* Problem:
The entries are to be returned exactly as written.

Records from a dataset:
————————
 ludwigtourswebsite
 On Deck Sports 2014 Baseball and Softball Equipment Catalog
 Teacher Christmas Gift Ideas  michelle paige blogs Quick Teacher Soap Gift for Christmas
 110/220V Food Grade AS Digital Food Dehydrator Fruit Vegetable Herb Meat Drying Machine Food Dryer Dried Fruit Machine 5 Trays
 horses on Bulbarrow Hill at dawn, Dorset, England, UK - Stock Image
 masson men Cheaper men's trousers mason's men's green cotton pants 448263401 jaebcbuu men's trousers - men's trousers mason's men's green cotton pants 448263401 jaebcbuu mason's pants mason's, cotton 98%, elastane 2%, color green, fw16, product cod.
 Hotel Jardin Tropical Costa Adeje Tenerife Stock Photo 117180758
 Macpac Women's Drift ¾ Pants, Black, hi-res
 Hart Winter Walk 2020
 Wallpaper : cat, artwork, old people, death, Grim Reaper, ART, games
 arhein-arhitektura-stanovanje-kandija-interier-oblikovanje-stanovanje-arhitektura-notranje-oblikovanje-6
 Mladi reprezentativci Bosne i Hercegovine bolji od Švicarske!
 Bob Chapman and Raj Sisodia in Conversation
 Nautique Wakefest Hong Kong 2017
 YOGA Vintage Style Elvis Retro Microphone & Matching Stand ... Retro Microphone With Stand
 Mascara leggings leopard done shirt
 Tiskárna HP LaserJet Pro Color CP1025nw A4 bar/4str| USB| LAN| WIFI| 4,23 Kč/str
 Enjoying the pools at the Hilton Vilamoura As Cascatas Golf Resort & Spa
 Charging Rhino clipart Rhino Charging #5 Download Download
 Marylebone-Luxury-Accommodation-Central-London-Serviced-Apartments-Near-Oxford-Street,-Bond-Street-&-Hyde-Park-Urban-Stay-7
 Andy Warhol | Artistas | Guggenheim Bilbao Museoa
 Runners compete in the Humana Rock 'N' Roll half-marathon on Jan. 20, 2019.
————————
* Answer box:
 ludwigtourswebsite
 On Deck Sports 2014 Baseball and Softball Equipment Catalog
 Teacher Christmas Gift Ideas  michelle paige blogs Quick Teacher Soap Gift for Christmas
 110/220V Food Grade AS Digital Food Dehydrator Fruit Vegetable Herb Meat Drying Machine Food Dryer Dried Fruit Machine 5 Trays
 horses on Bulbarrow Hill at dawn, Dorset, England, UK - Stock Image
 masson men Cheaper men's trousers mason's men's green cotton pants 448263401 jaebcbuu men's trousers - men's trousers mason's men's green cotton pants 448263401 jaebcbuu mason's pants mason's, cotton 98%, elastane 2%, color green, fw16, product cod.
 Hotel Jardin Tropical Costa Adeje Tenerife Stock Photo 117180758
 Macpac Women's Drift ¾ Pants, Black, hi-res
 Hart Winter Walk 2020
 Wallpaper : cat, artwork, old people, death, Grim Reaper, ART, games
 arhein-arhitektura-stanovanje-kandija-interier-oblikovanje-stanovanje-arhitektura-notranje-oblikovanje-6
 Mladi reprezentativci Bosne i Hercegovine bolji od Švicarske!
 Bob Chapman and Raj Sisodia in Conversation
 Nautique Wakefest Hong Kong 2017
 YOGA Vintage Style Elvis Retro Microphone & Matching Stand ... Retro Microphone With Stand
 Mascara leggings leopard done shirt
 Tiskárna HP LaserJet Pro Color CP1025nw A4 bar/4str| USB| LAN| WIFI| 4,23 Kč/str
 Enjoying the pools at the Hilton Vilamoura As Cascatas Golf Resort & Spa
 Charging Rhino clipart Rhino Charging #5 Download Download
 Marylebone-Luxury-Accommodation-Central-London-Serviced-Apartments-Near-Oxford-Street,-Bond-Street-&-Hyde-Park-Urban-Stay-7
 Andy Warhol | Artistas | Guggenheim Bilbao Museoa
 Runners compete in the Humana Rock 'N' Roll half-marathon on Jan. 20, 2019.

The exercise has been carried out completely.